TRY IT:
What are the lines below, starting at the line containing "Red And Black" and ending at the line containing "Pause, chaise design bois et cuir Woud"? Write them out exactly, ends included, without pictures.

ENTRIES SUPPLIED:
++++

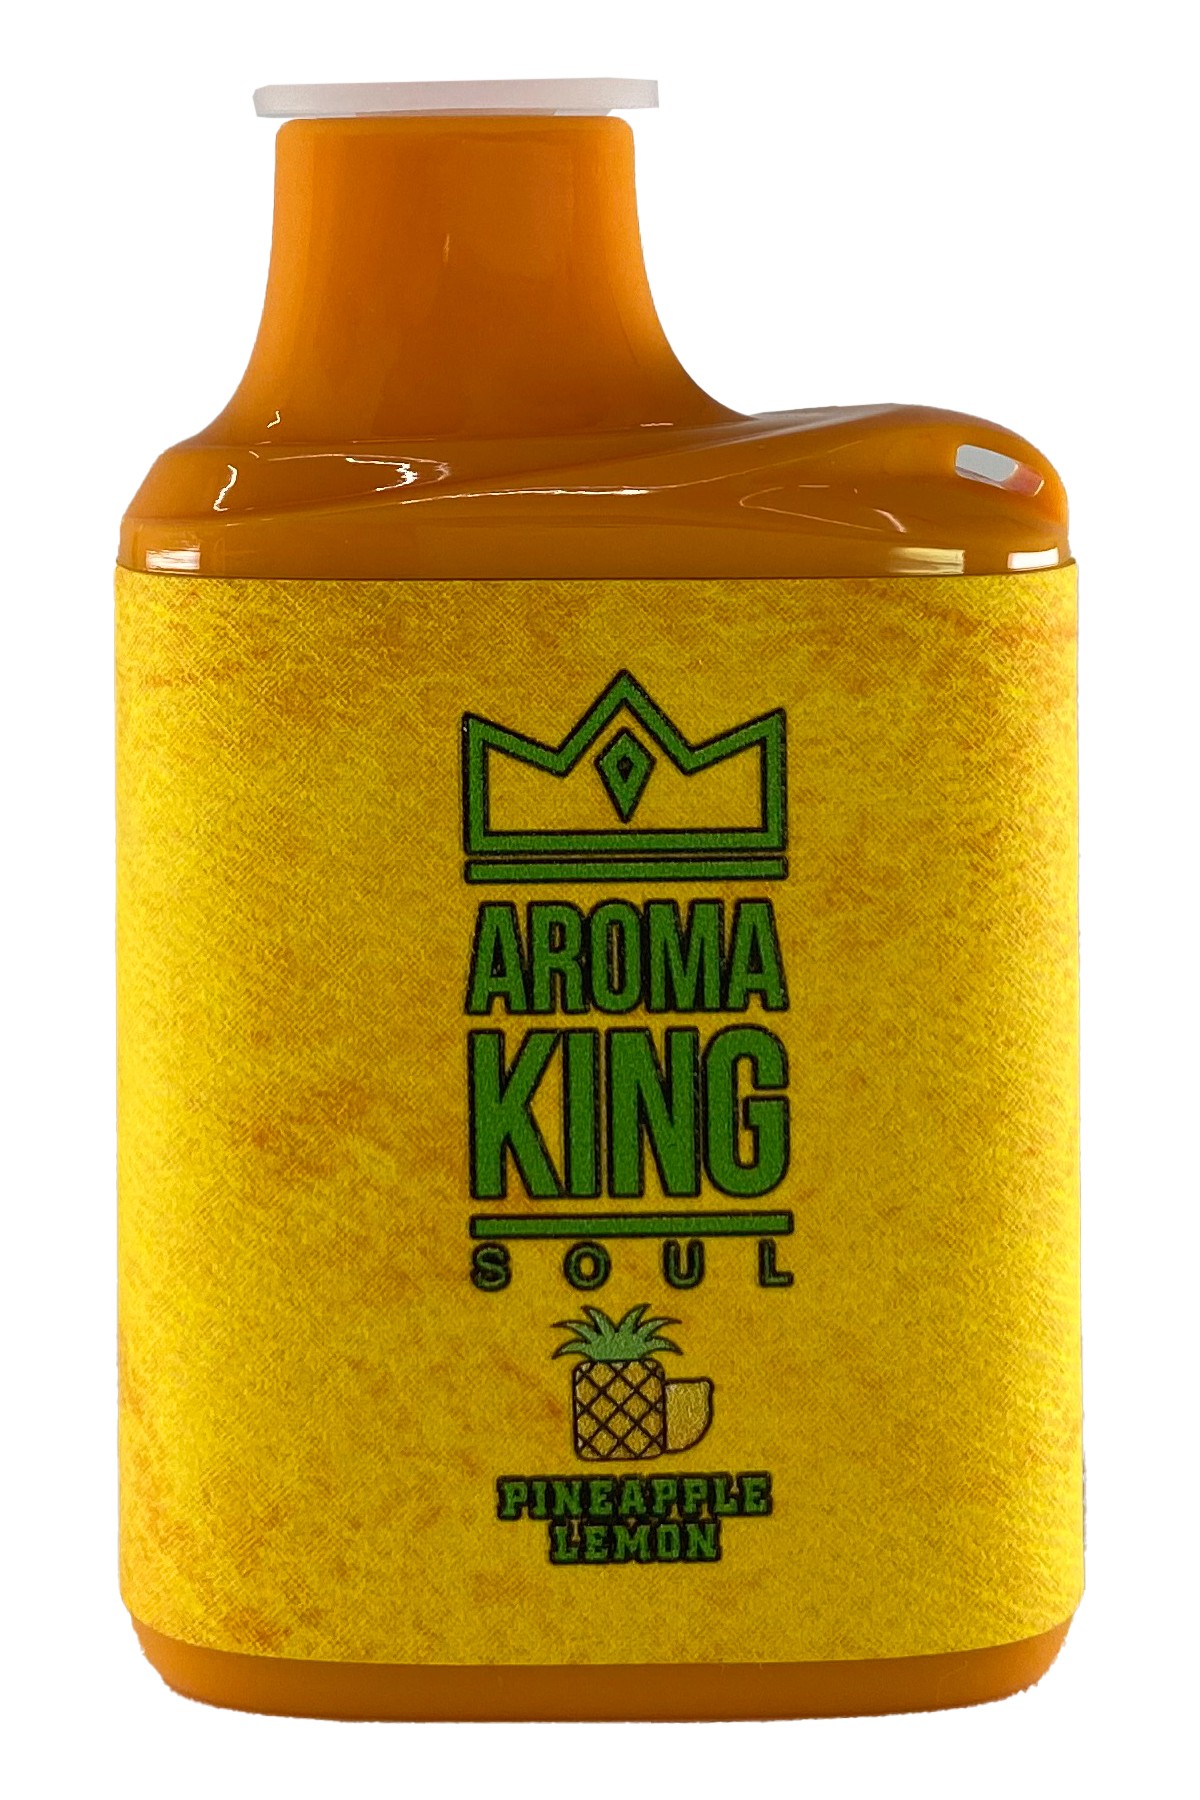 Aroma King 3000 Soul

++++

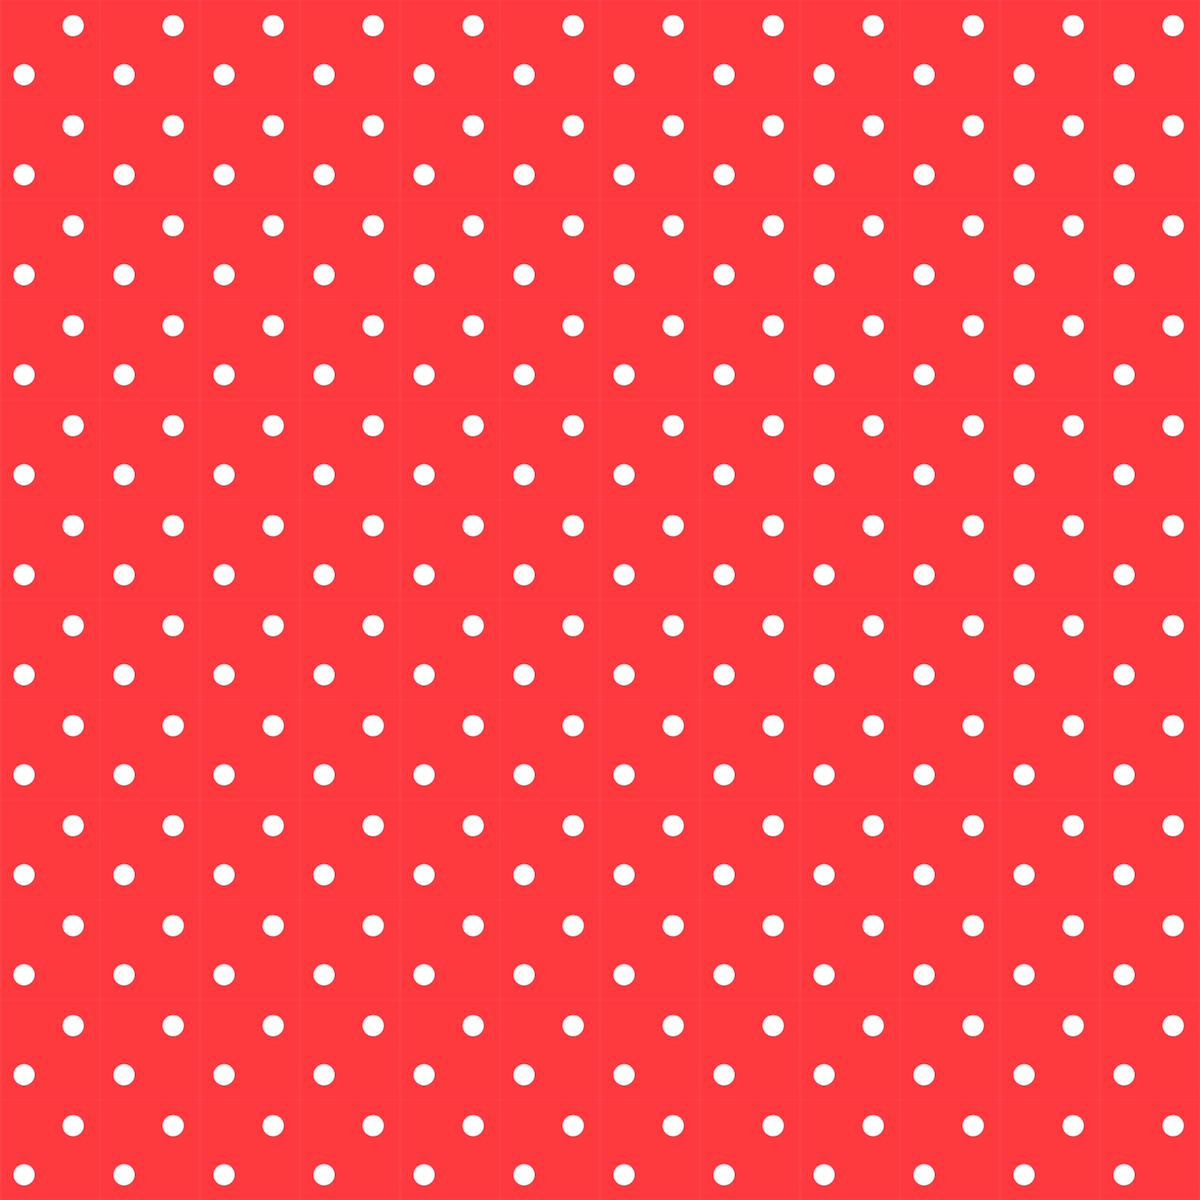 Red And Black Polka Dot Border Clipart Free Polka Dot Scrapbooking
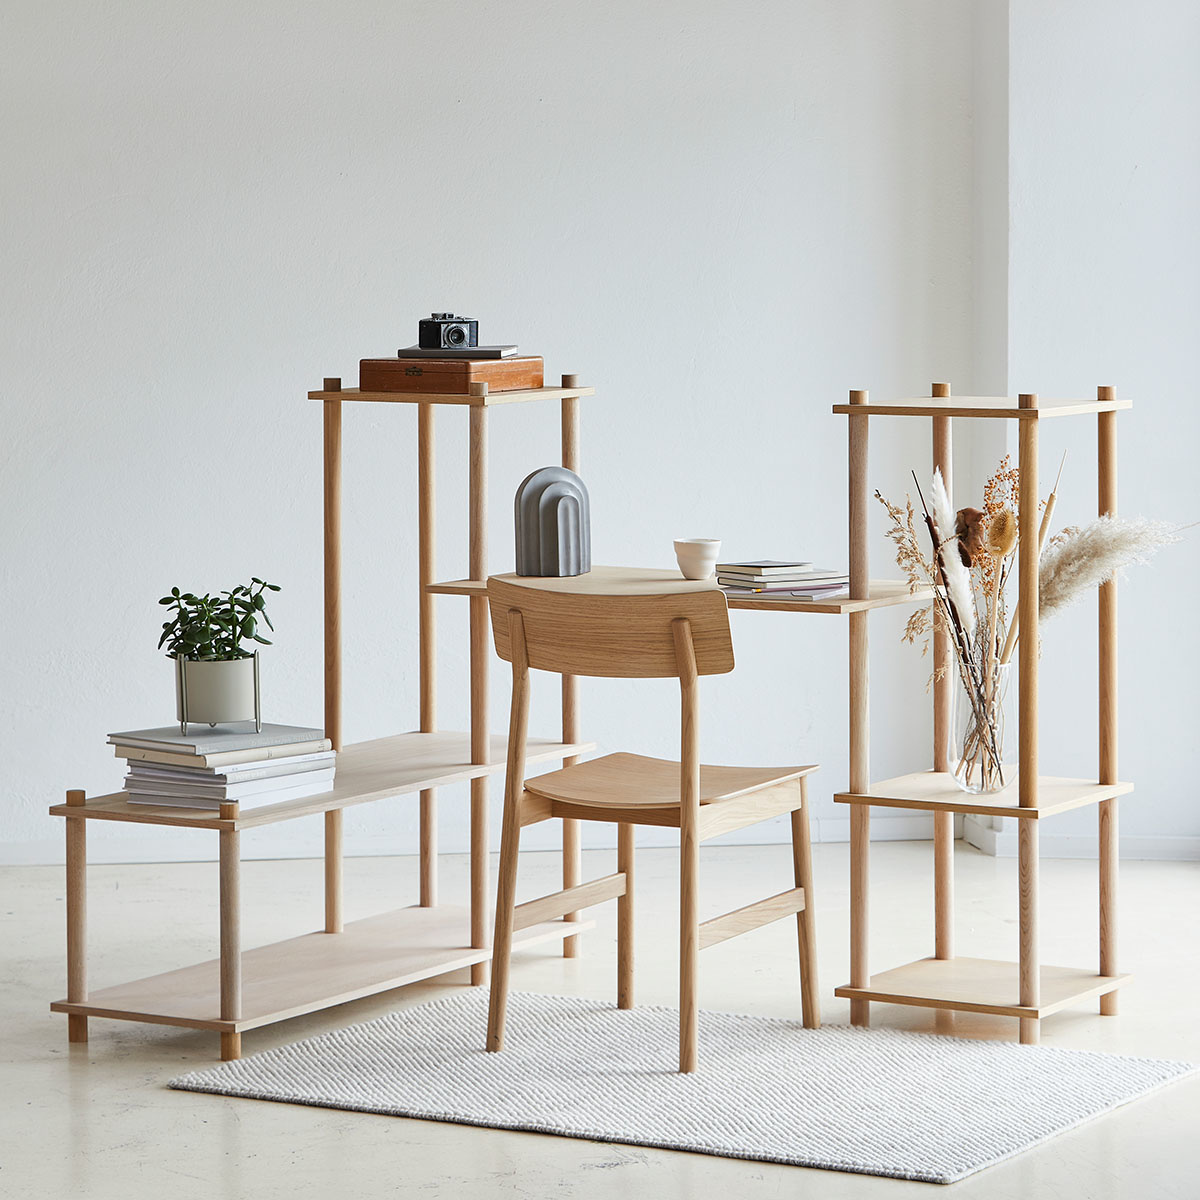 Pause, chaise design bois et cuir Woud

++++

SOLUTION:
 Red And Black Polka Dot Border Clipart Free Polka Dot Scrapbooking
 Pause, chaise design bois et cuir Woud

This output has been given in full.